The result should be an exact copy of only the lines from the one with "Everlast Vinyl Dipped Kettlebell" through the last line of the data below, with pictures omitted.

AVAILABLE DATA:
== Segment start ==

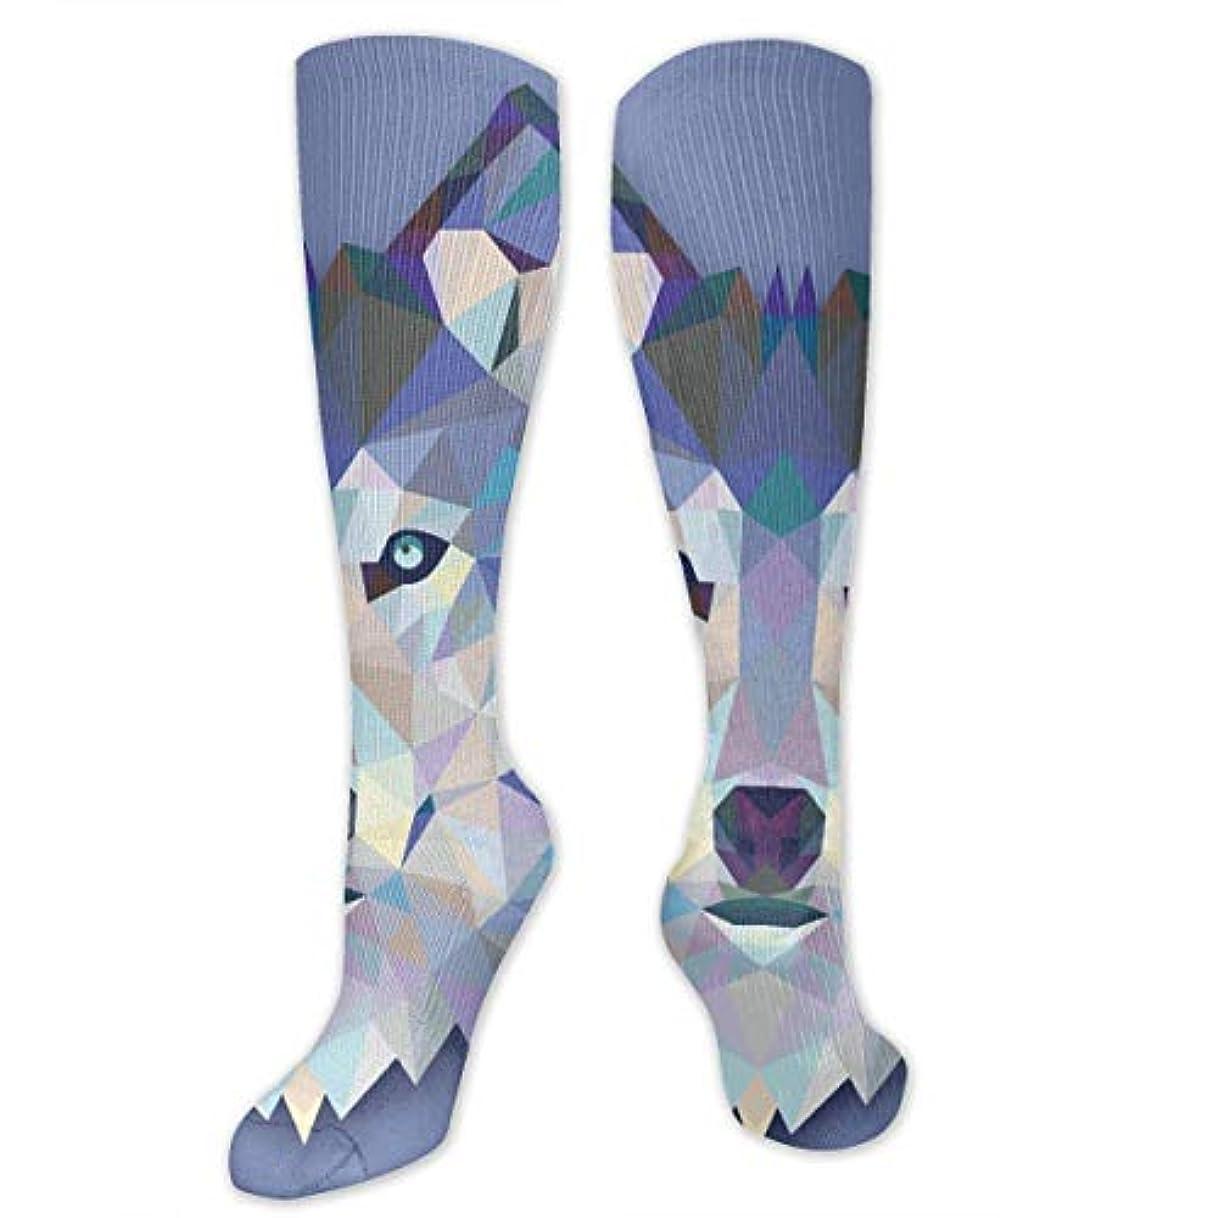 アトム感性小学生靴下,ストッキング,野生のジョーカー,実際,秋の本質,冬必須,サマーウェア&RBXAA Wolf Socks Women's Winter Cotton Long Tube Socks Knee High Graduated...
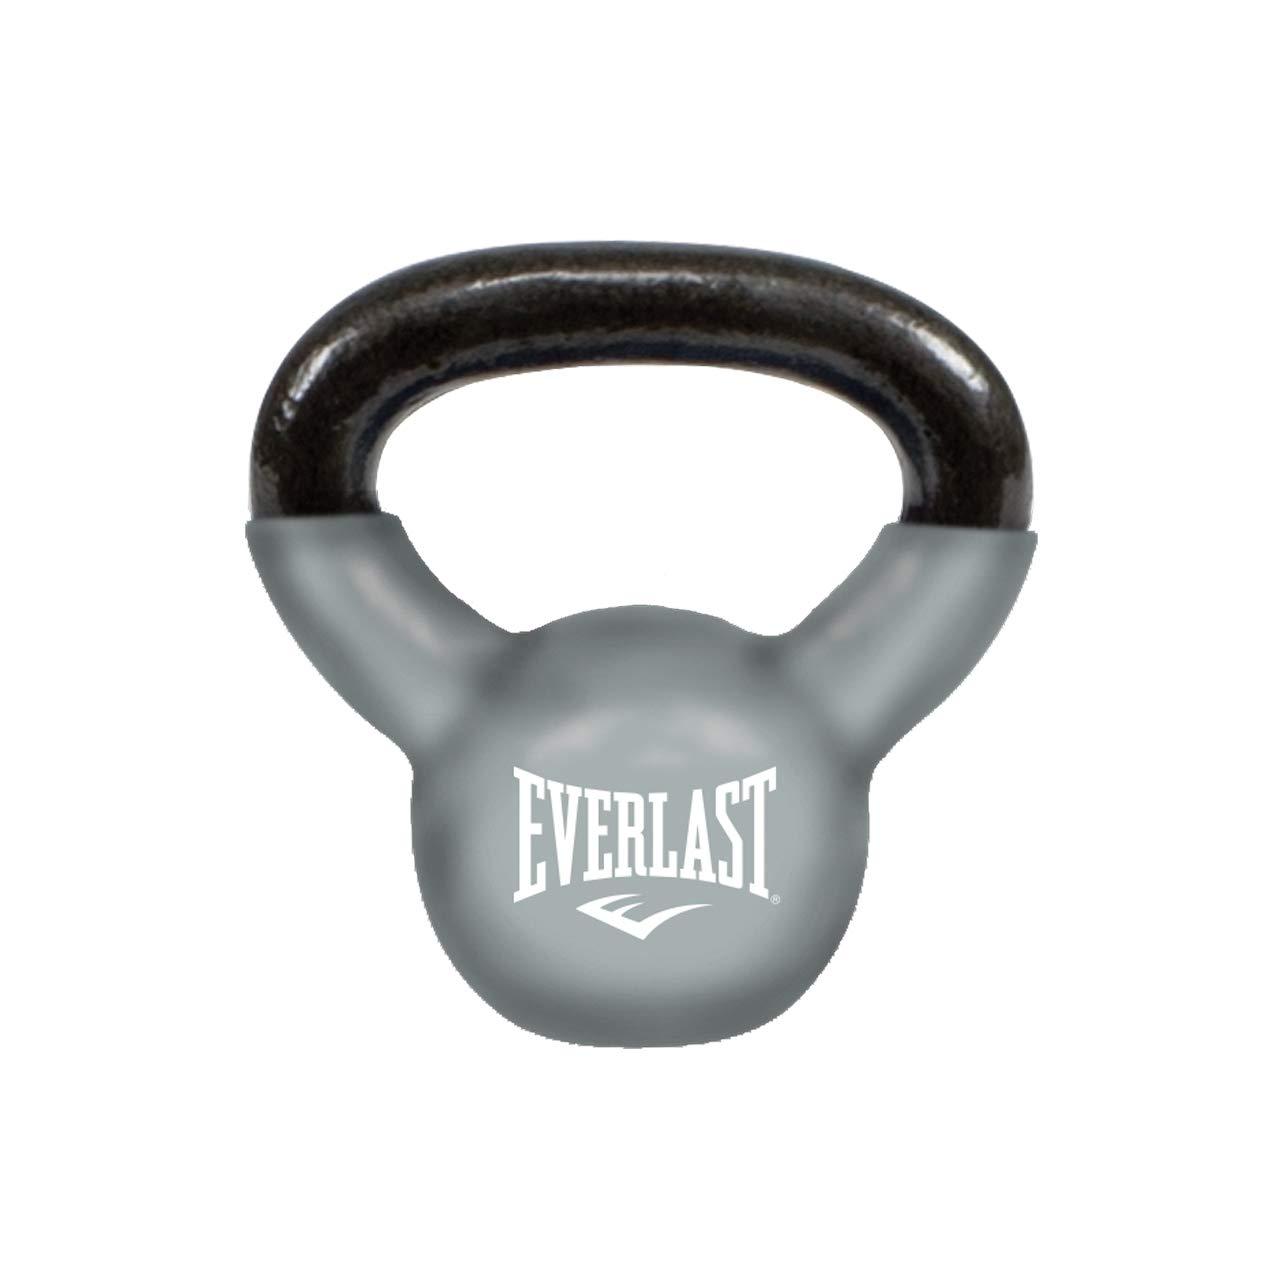 Everlast Vinyl Dipped Kettlebell
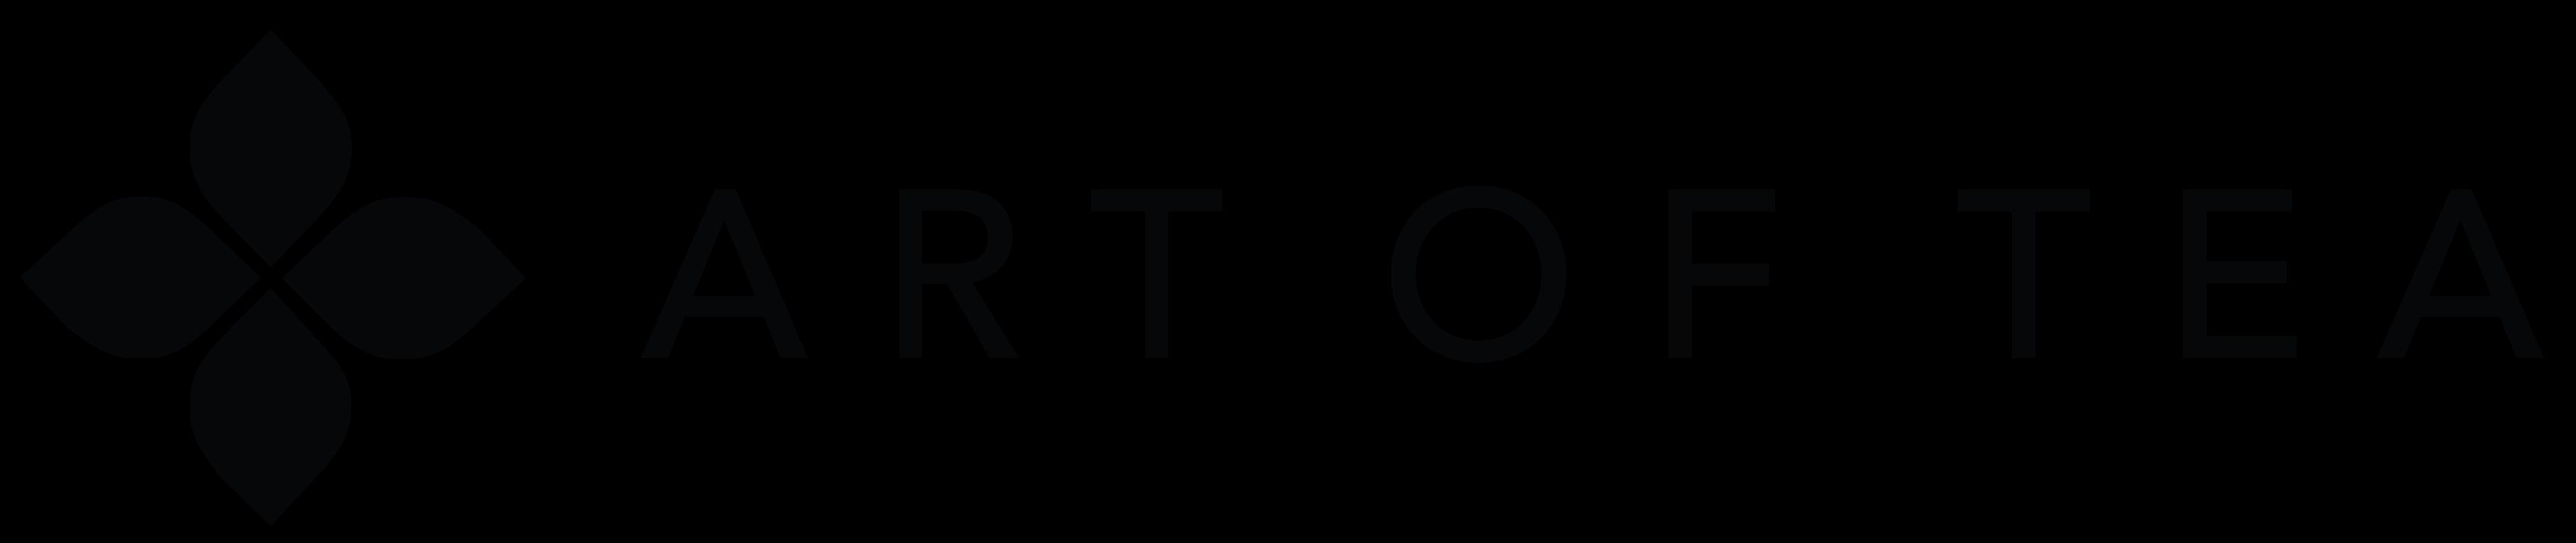 ArtOfTea_Logo.png

== Segment end ==

RESPONSE FOR THIS EXERCISE:
 Everlast Vinyl Dipped Kettlebell
 ArtOfTea_Logo.png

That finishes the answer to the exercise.